Balkanlar Kolejinde Hayvan Hakları Anlattık
Hayvanlara Adalet Derneği olarak hayvan hakları eğitim çalışmalarına başladığımızda, İstanbul’un 39 İlçesindeki tüm okulları hedeflemiştik. Ancak zaman faktörünü yeterince hesaba katmamışız. Yetişmekte zorlanıyor ama asla durmuyoruz. Ekibimizin hayvan hakları konusundaki inancı, gençlerin ve çocukların saf enerjisiyle birleşerek büyüyor. Her okul çıkışında resimlerde görünmeyen yürek çırpıntısı ve umut da aklınıza gelsin. Dip dalga müthiş. Kapılarda öğrencilere ve öğretmenlere alışkın köpekler karşılıyorsa bizi daha da mutlu oluyoruz.
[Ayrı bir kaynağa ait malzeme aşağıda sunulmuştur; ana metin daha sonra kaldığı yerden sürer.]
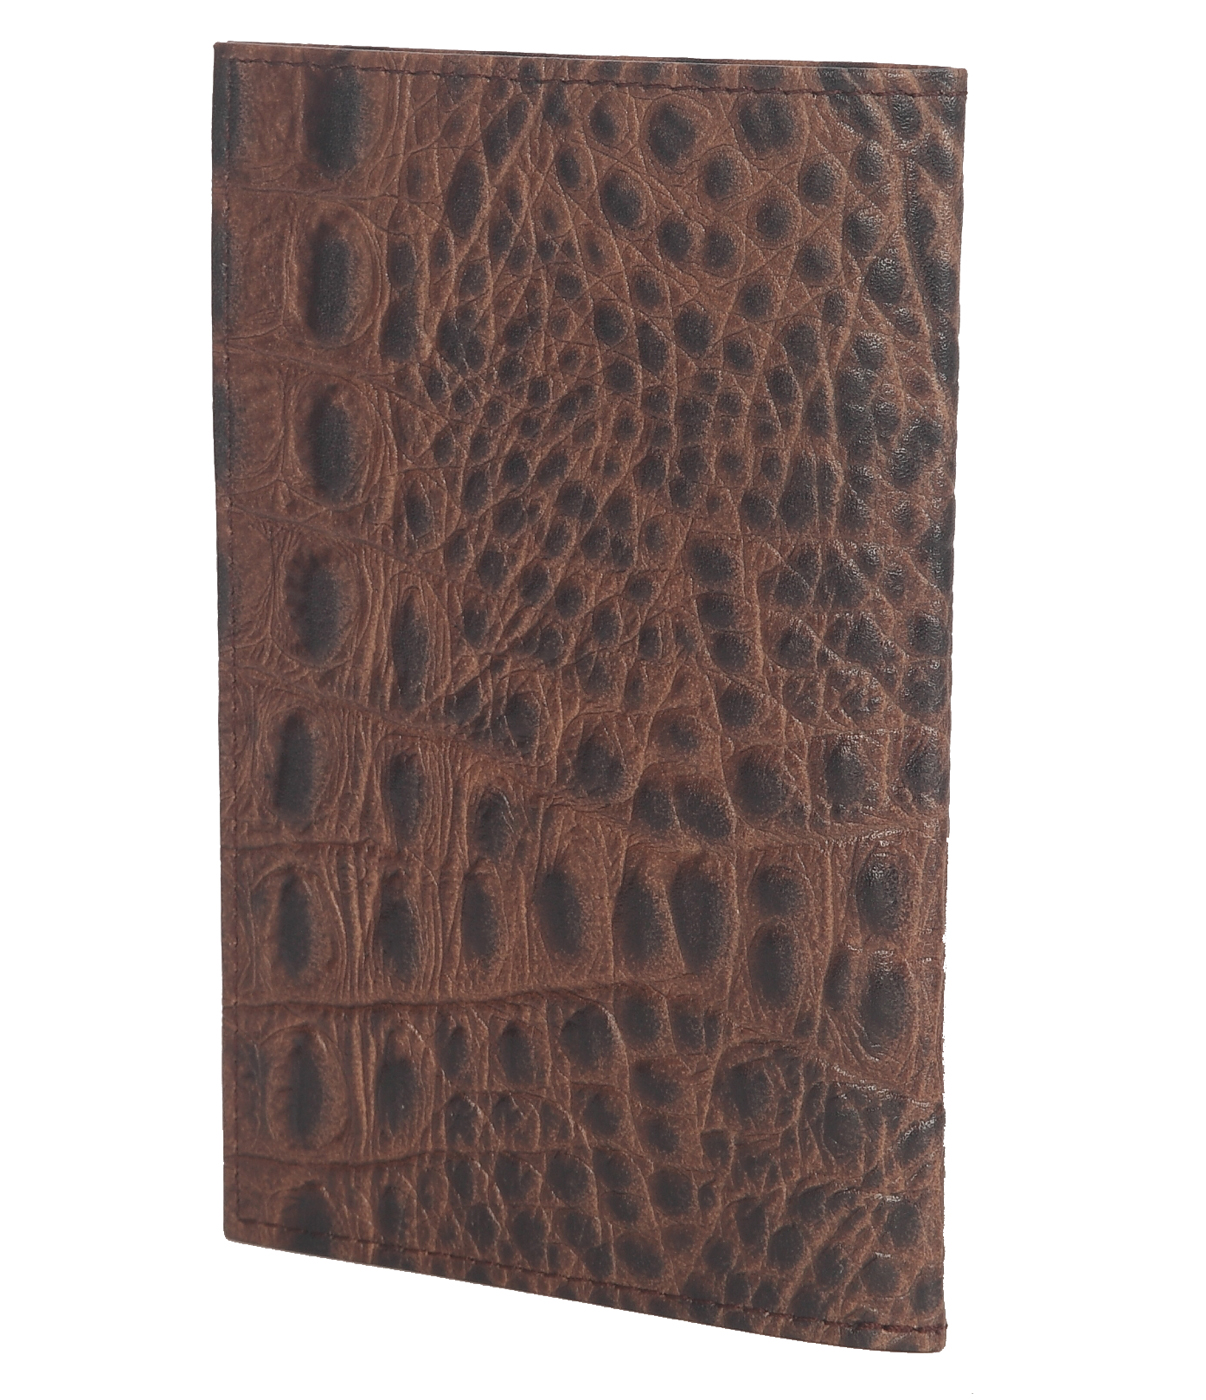 W251--Passport cover in Genuine Leather - Brown.
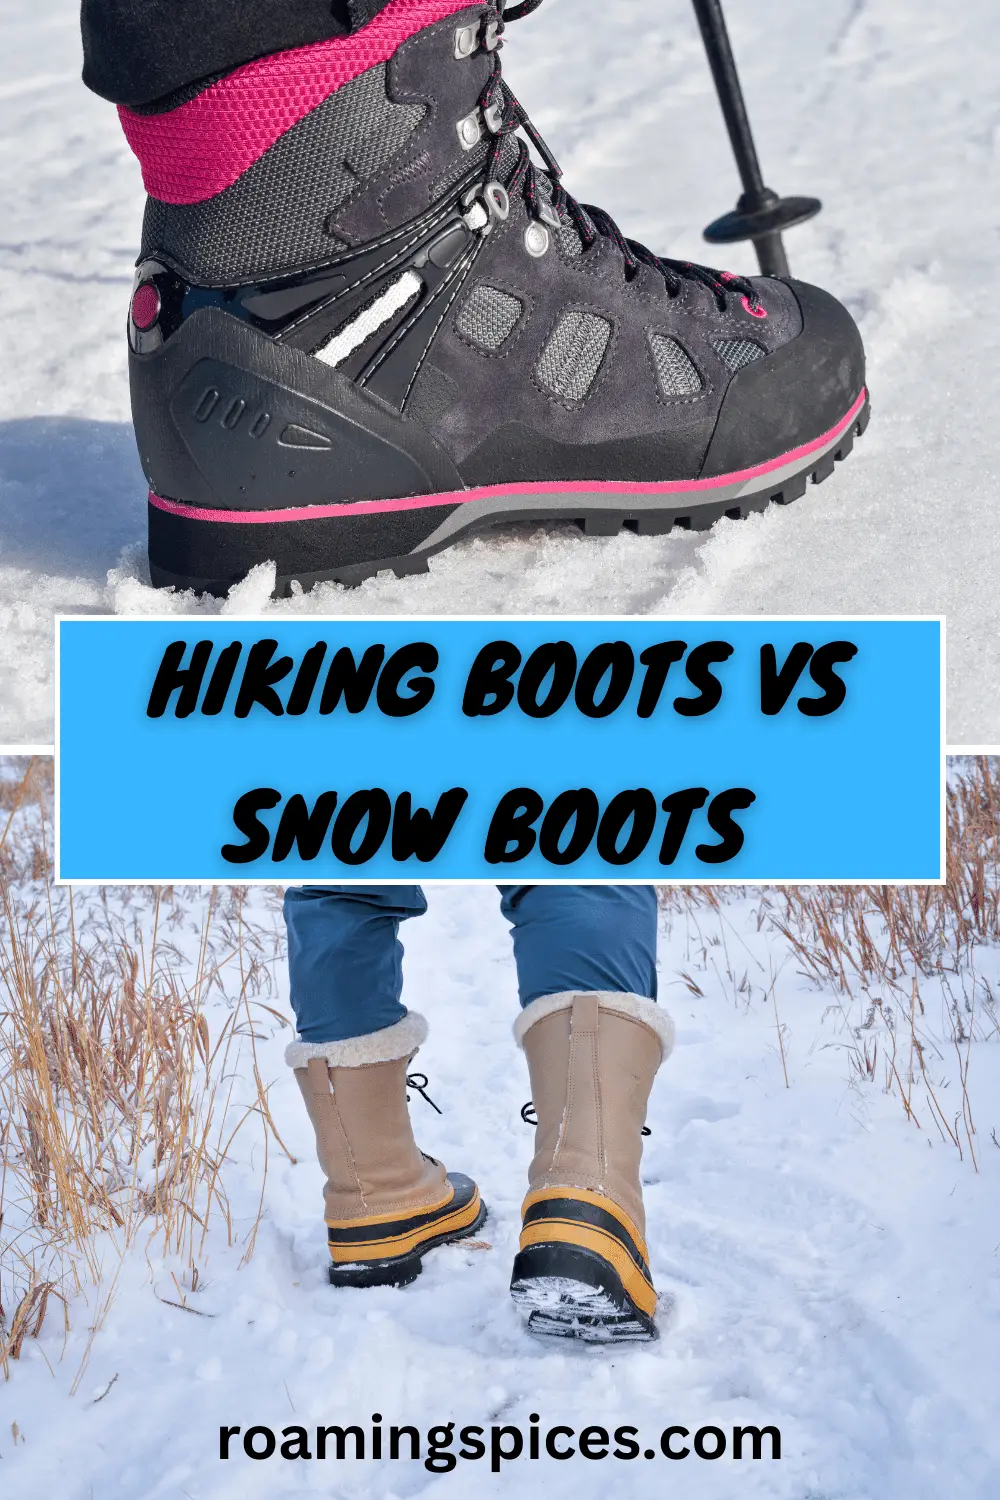 Hiking Boots vs Snow Boots

Çoğunda da var.
Bu defa Balkanlar Kolejindeydik. Okulun sosyal sorumluluk projeleri kapsamında oluşturulmuş öğrenci kulüpleri gerçekten takdire şayan. Hepsi pırıl pırıl ve kararlı. Kuş evleri, kedi köpek barınma yerleri, toplu beslemeler yapılıyor ve edebiyat sanat alanında da “hayvanlar” tema olarak seçiliyor çoğu kez. Hepsini bir kez daha tebrik ediyoruz.
Konuşmamıza “Biz neden buradayız, size ne anlatmak istiyoruz” diye başlıyoruz. Bir sürü avukat ve başka mesleklerden insanlar neden “hayvanlar için adalet” istiyor? Önce bunu konuşuyoruz. Gençlerde adalet, empati ve sorumluluk duygusu umulanın üstünde. Temelde insanla evlerde veya bahçede yaşama şansı olmayan hayvanların yaşadığımız çevrelerde nasıl besleneceği, korunacağı ve sağlık süreçlerinin takibinde gerekli bilgileri anlatıyoruz. “Kafesler neden var? Neredeler ve neden olmamaları gerekiyor?” diye soruyoruz ve açıklıyoruz. Fayton atlarının eziyetine son vermenin yolları, alt yapısı ve bu eziyetin herkes tarafından neden anlaşılmadığını konuşuyoruz. Önce görünür hale gelmesi gerekiyor bu eziyetin. Tabi sonra da sona erdirilmesi için gerekenler yapılmalı.
Mezbahaları ve orada yaşanan zulmü anlatmaya, “Anne demeden önce et demişim” diyerek başlıyor Av. Melike Özdemir Ballı. Çok da etkili, çünkü çoğumuz aradaki farkı geç anlıyoruz yediğimiz içtiğimiz konusunda. İterek değil, hemhal olup yan yana gelerek yapılacak hak mücadelesi. İnekler özgür olmalı evet. Yanındaki yavrusu da anneyle yeşil çayırlarda yaşamalı.
Bize hazırlanan masa ve sandalyeleri henüz hiçbir okulda kullanmadık. Çünkü salona, sınıfa dağılıyoruz. Aralarında sorular cevaplar ve doğrudan iletişimle bilgi paylaşımı yapıyoruz. O nedenle sonraki okulların hiç birinde bizi masada yan yana otururken görmeyeceksiniz. Yerimizde duramıyoruz.
Bıldırcın, tavşan ve kekliğin ortak özelliği, insanlar tarafından “av” adı verilen takip ve öldürme hareketiyle yok edilmeleridir. Bu nedenle “av cinayettir” diyoruz ve anlatıyoruz. Spor nedir bilen gençler avın asla spor tanımında olmayacağını ilan ediyorlar.
Teller ardına ölümüne kapatılmış hiçbir canlı mutlu olamaz. Daha az yiyecek bulsa da, bizimle yaşadığı yerlerde olmak ister. Özellikle de köpekler. Gençler bu konuda çok aktif. Onları yaşadıkları yerde besleyen, ailesiyle birlikte takip eden çok öğrenci var, umut verici. Slayt ve sunum sonrası sorular sorular sorular. İnanılmaz sorular karşısında biz “bile” bazen terliyoruz. Ve iyi ki öyle. Mutlulukla, heyecanla ve aslında hep birlikte öğreniyor, güçleniyoruz. “Adalet” tüm canlılar için. Koşulsuz ve şart. Kendi haklarımızı bilmekle başlayan bu yolculuğu seviyoruz. Ekip yeni bir okula doğru yollara revan oluyor sonra. Hepsi ilk gittiğimiz an gibi heyecanla.
Proje ekibine, sevgili öğretmenler ve öğrenci arkadaşlarımıza bir kez daha teşekkür ediyoruz. İletişimimiz kopmayacak elbette.